С великою охотой принялся Ипполит за полдник, а Охрим начал повествовать следующее: «Как скоро пан Вирилад высажен был мною и Харьком из колымаги у крыльца дома Никанорова, то первая встретила нас Богомилия. Пан Вирилад, поздоровавшись с нею, сказал вполголоса: «Прелестная девица! отгадай, кто теперь гостит у меня?» — «Какой-нибудь твой приятель!» — «В половину отгадала! именно приятель, — а зовут его Ипполит Голяк!» — Богомилия зарделась как роза, и руки ее опустились. — «Так, — продолжал пан, — он воротился на родину здоров и более влюблен в тебя, чем прежде». — Богомилия ничего не отвечала и шла вперед, а за нею пан Вирилад.
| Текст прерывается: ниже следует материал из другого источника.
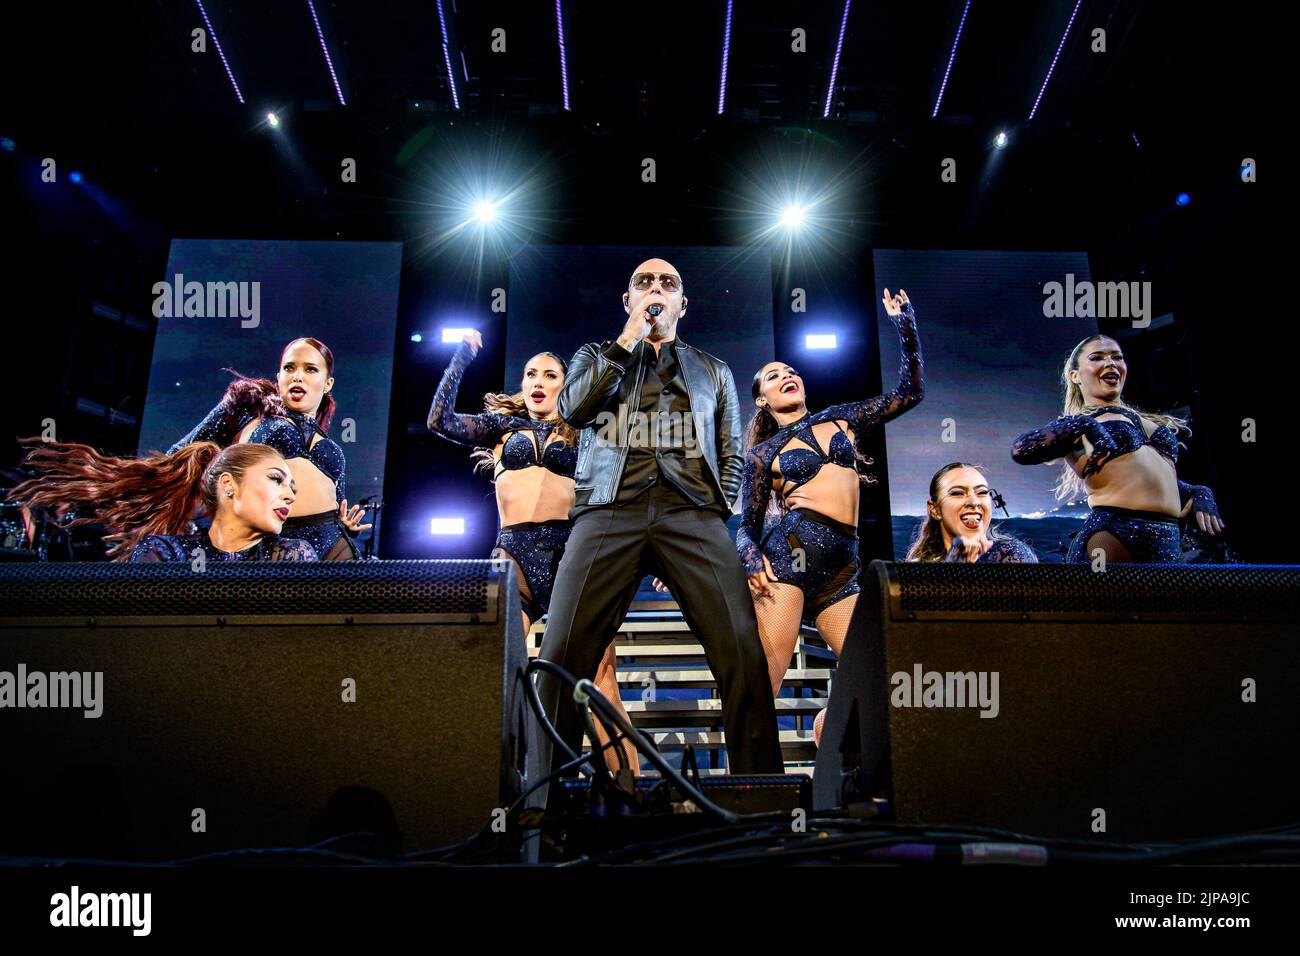 Der US-amerikanische Rapper und Sänger Armando Christian Pérez, der professionell unter seinem Künstlernamen Pitbull bekannt ist, tritt bei einer ausverkauften Show auf der Budweiser Stage in Toronto auf. Stockfoto

В гостиной встретил нас пан Никанор, принял посетителя очень ласково и начались разговоры; но до обеда и за обедом ничего до тебя касающегося говорено не было. По окончании обеда Богомилия и все служители вышли; одни паны остались за бутылками. Я и Харько, вышед в другую комнату, стали у дверей под предлогом, что наш пан не очень здоров и каждую минуту может нас потребовать.
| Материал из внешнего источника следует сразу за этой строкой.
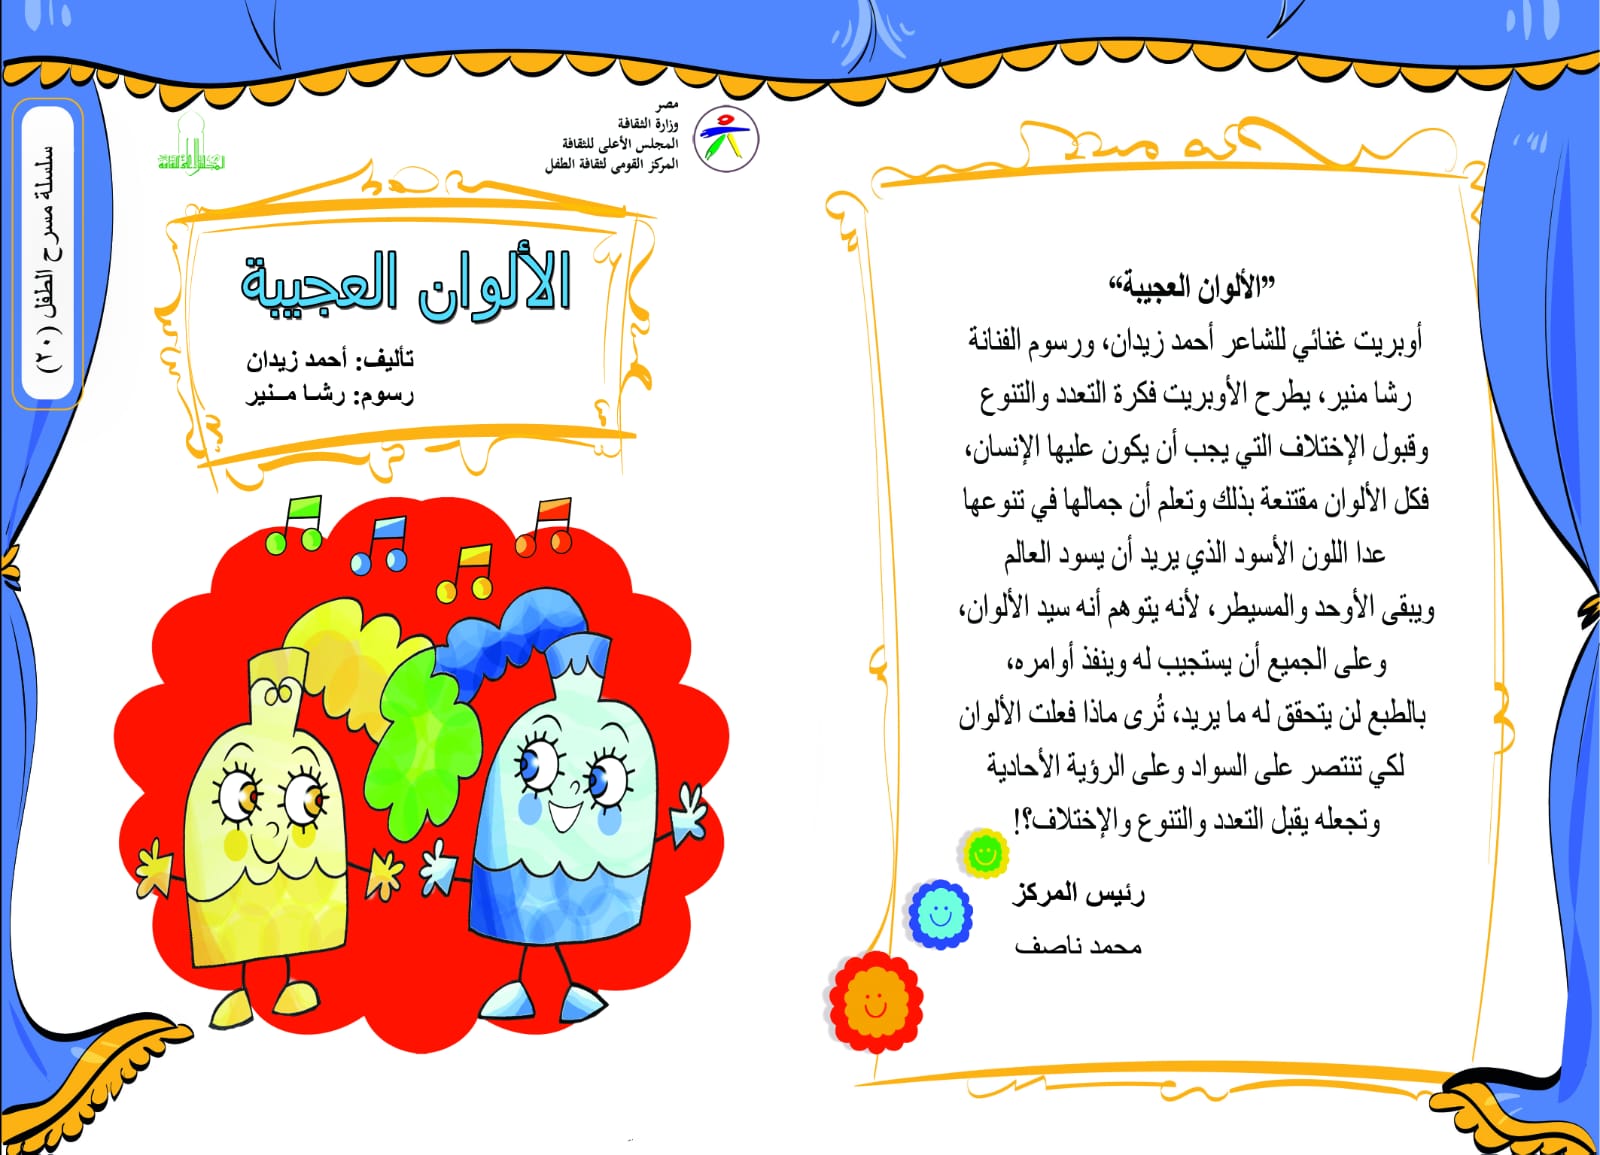 حفل توقيع كتاب ” الألوان العجيبة” بالحديقة الثقافية للأطفال… اليوم السبت

«Не понимаю, — сказал Вирилад, — как такой разумный человек, как ты, решился единственную дочь свою, милую, прекрасную, первую невесту во всей округе, выдать за пана Ивана, первого негодяя, нечестивца!»
— «Пан Вирилад, — отвечал Никанор строгим голосом, — я люблю слушать твои шутки, но надобно, чтоб они не выходили из пределов благопристойности. Как решился ты про моего будущего зятя и в моем присутствии говорить такую обидную нелепицу?»
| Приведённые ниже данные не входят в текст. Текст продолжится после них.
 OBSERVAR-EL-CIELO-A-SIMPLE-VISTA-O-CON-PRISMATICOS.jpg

— «Нет, пан Никанор, — отвечал Вирилад, — то не есть нелепица, что можно доказать перед целым светом».
— «Право? Докажи по крайней мере передо мной, ибо мне это знать нужнее, чем всей Малороссии».
— «Изволь, слушай и отвечай, когда будут спрашивать: кто был пан Аврамий до того времени, пока не сделался сотником? Не совершенный ли бедняк, пройдоха? Получив возможность наживаться, не он ли употреблял к тому притеснения, насилия, хищничества, разбои? При всем том он достиг своей цели, т. е. оставил сыну значительное имение. Не должен ли был он ожидать, что по крайней мере этот самый сын пощадит память его? Ничего не бывало! Пан Иван первый поносит отца своего, рассказывает каждому о его преступлениях, издевается над его раскаянием при смерти и покупает лошадей и собак на ту сумму, которую отец завещал раздать нищим, коих он такими сделал. Не должно ли человека этого назвать нечестивцем?» — Никанор не отвечал ни слова; но слышны были его вздохи. Вирилад продолжал: «В пяти верстах отсюда, на уединенном хуторе, еще при жизни отца завел он сераль из обольщенных им несчастливиц, и он постоянно всякую неделю два раза посещает это жилище бесстыдства. Если такой человек предлагает руку свою кроткой, невинной, нежной девице, не есть ли он — не только негодяй, но изверг, чудовище?»
«Праведный боже! Неужели это все справедливо?» — раздался голос Никанора, и в ту же минуту нечто тяжелое обрушилось на пол. Я и Харько вбегаем в столовую и видим нашего пана, растянувшегося на полу, и Никанора, старающегося поднять его, — но тщетно! Мы подбежали, подняли обрушившегося и посадили на кресло, а обломки прежнего, на коем сидел он, подобрали. «Что это значит, любезный друг?» — спросил Никанор с видимым участием.